What you are asked to do = Reprint all of the data below exactly as shown and skip every image.

Raw data =
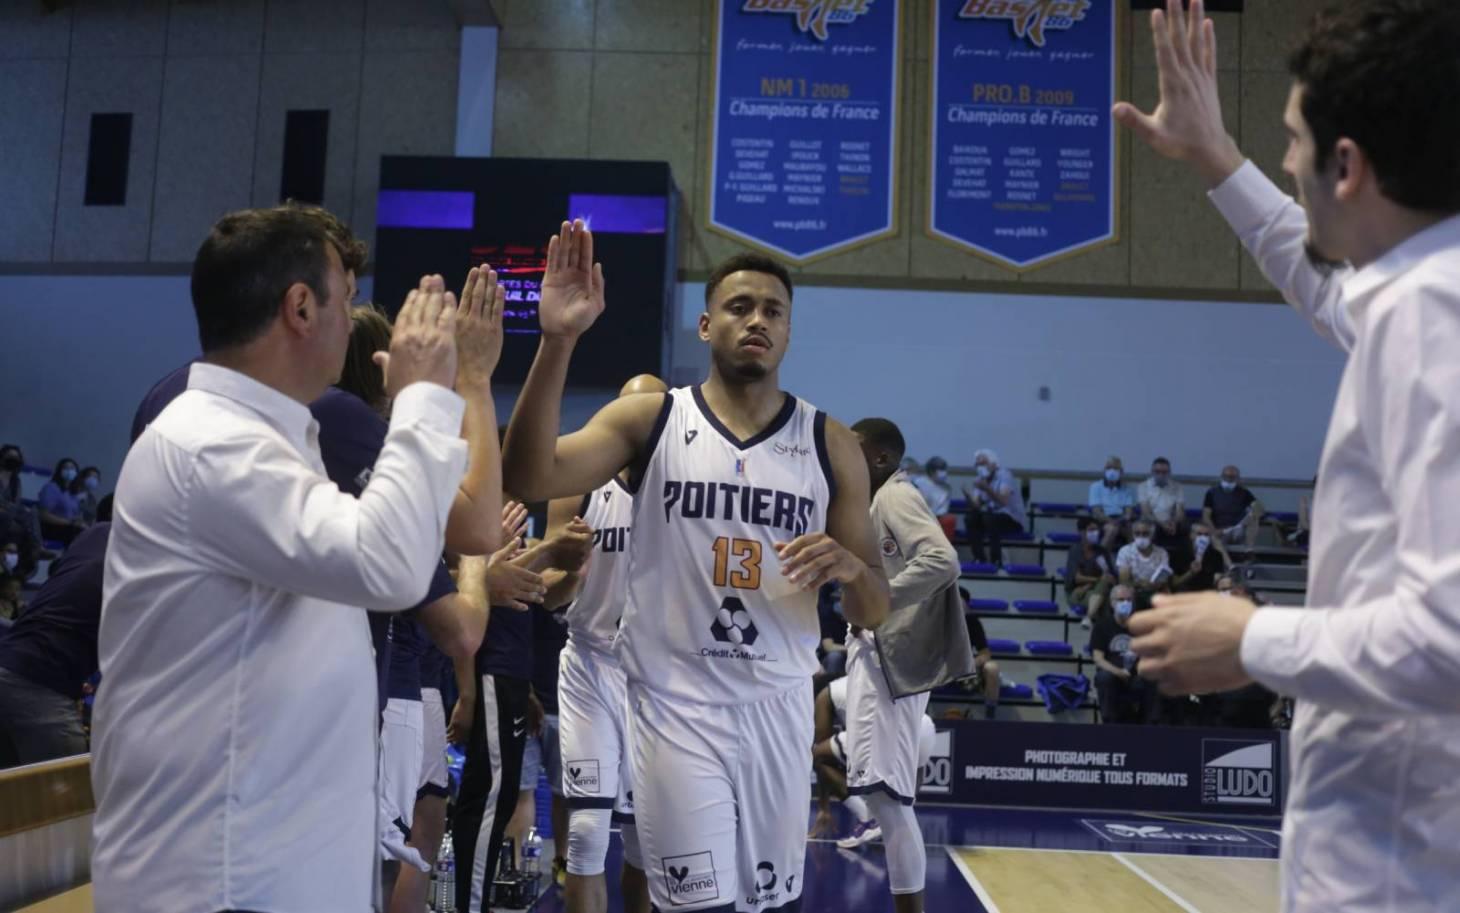 Basket - A La Rochelle, le PB veut continuer à avancer
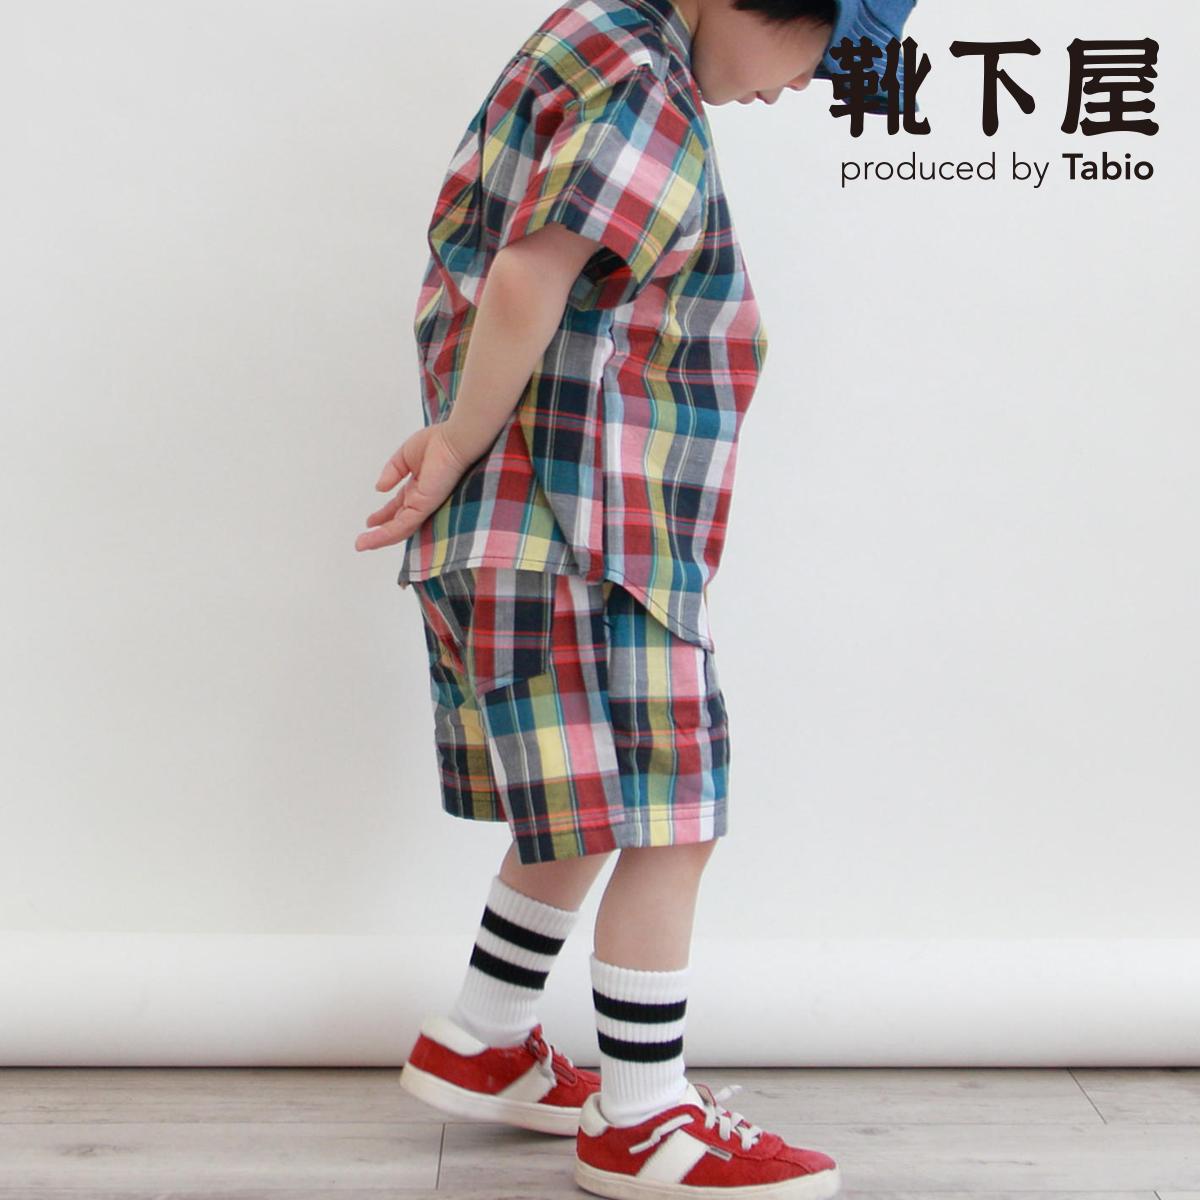 靴下屋 キッズ 2ラインショートソックス 16~18cm 靴下 即納 タビオ Tabio 日本製 ショート あす楽 子供用靴下 子供 くつ下 流行のアイテム
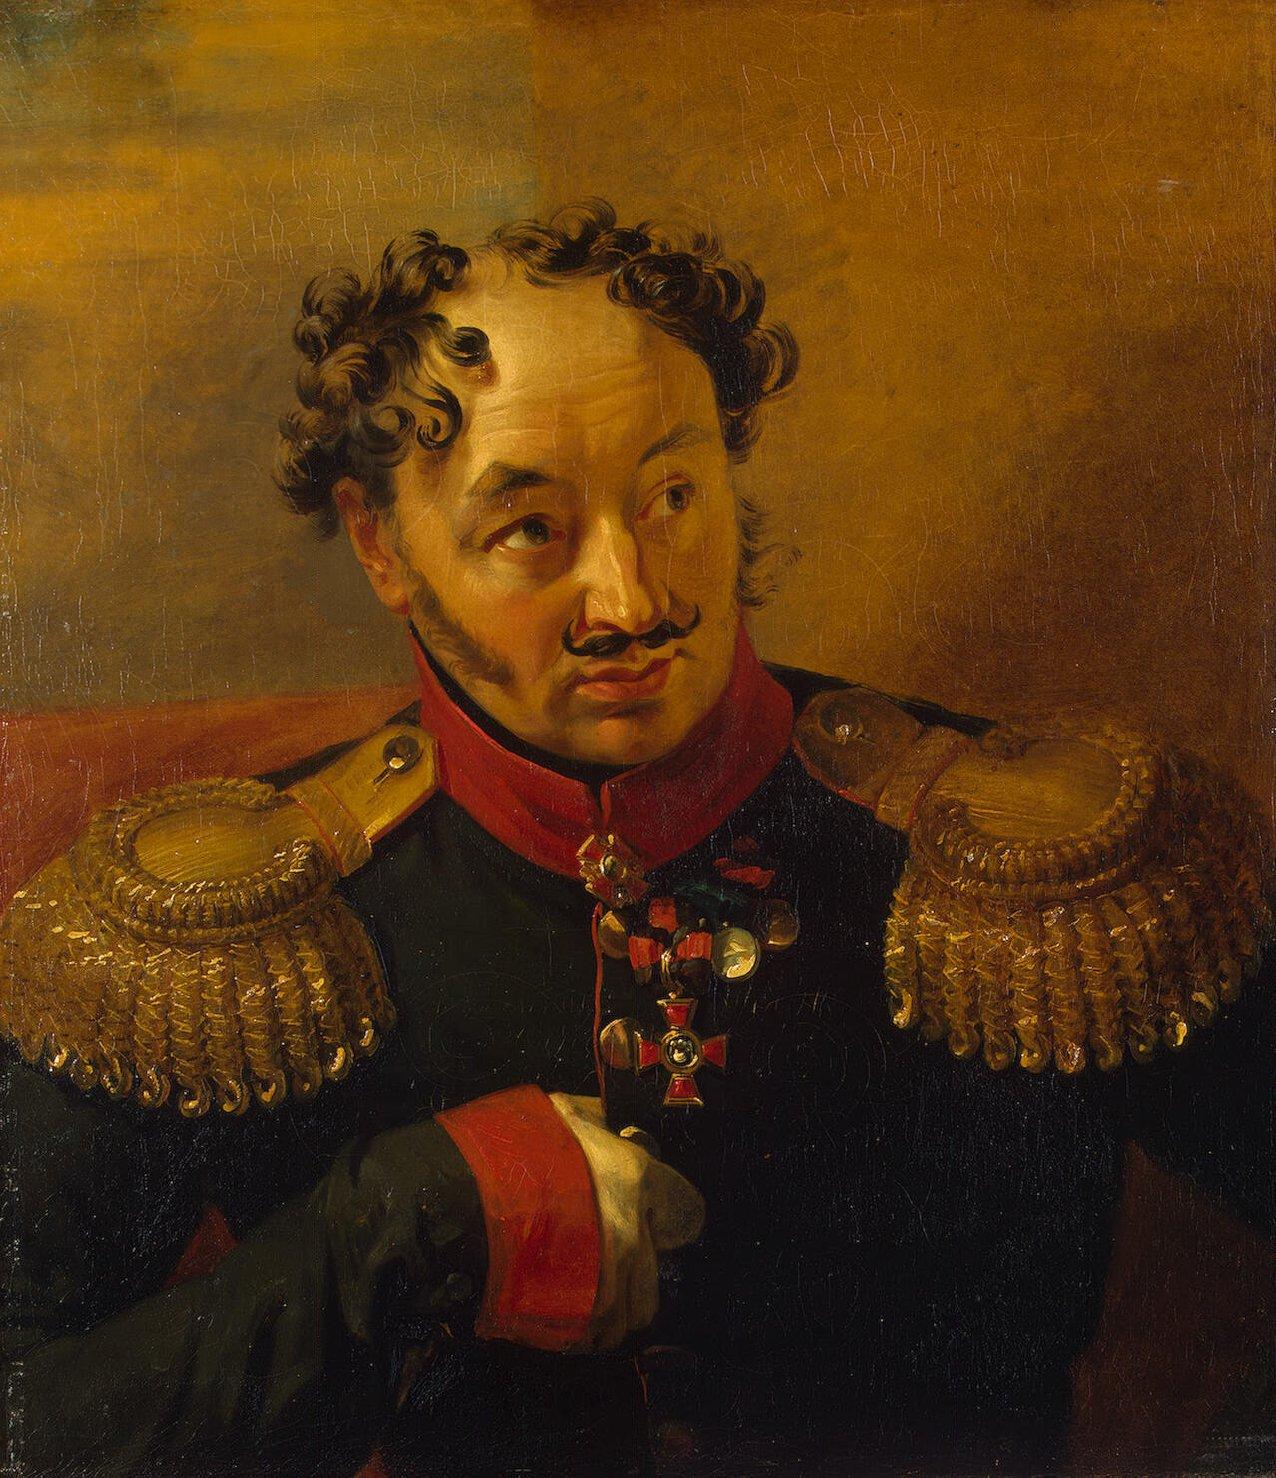 Рылеев, Александр Николаевич

Your response =
 Basket - A La Rochelle, le PB veut continuer à avancer
 靴下屋 キッズ 2ラインショートソックス 16~18cm 靴下 即納 タビオ Tabio 日本製 ショート あす楽 子供用靴下 子供 くつ下 流行のアイテム
 Рылеев, Александр Николаевич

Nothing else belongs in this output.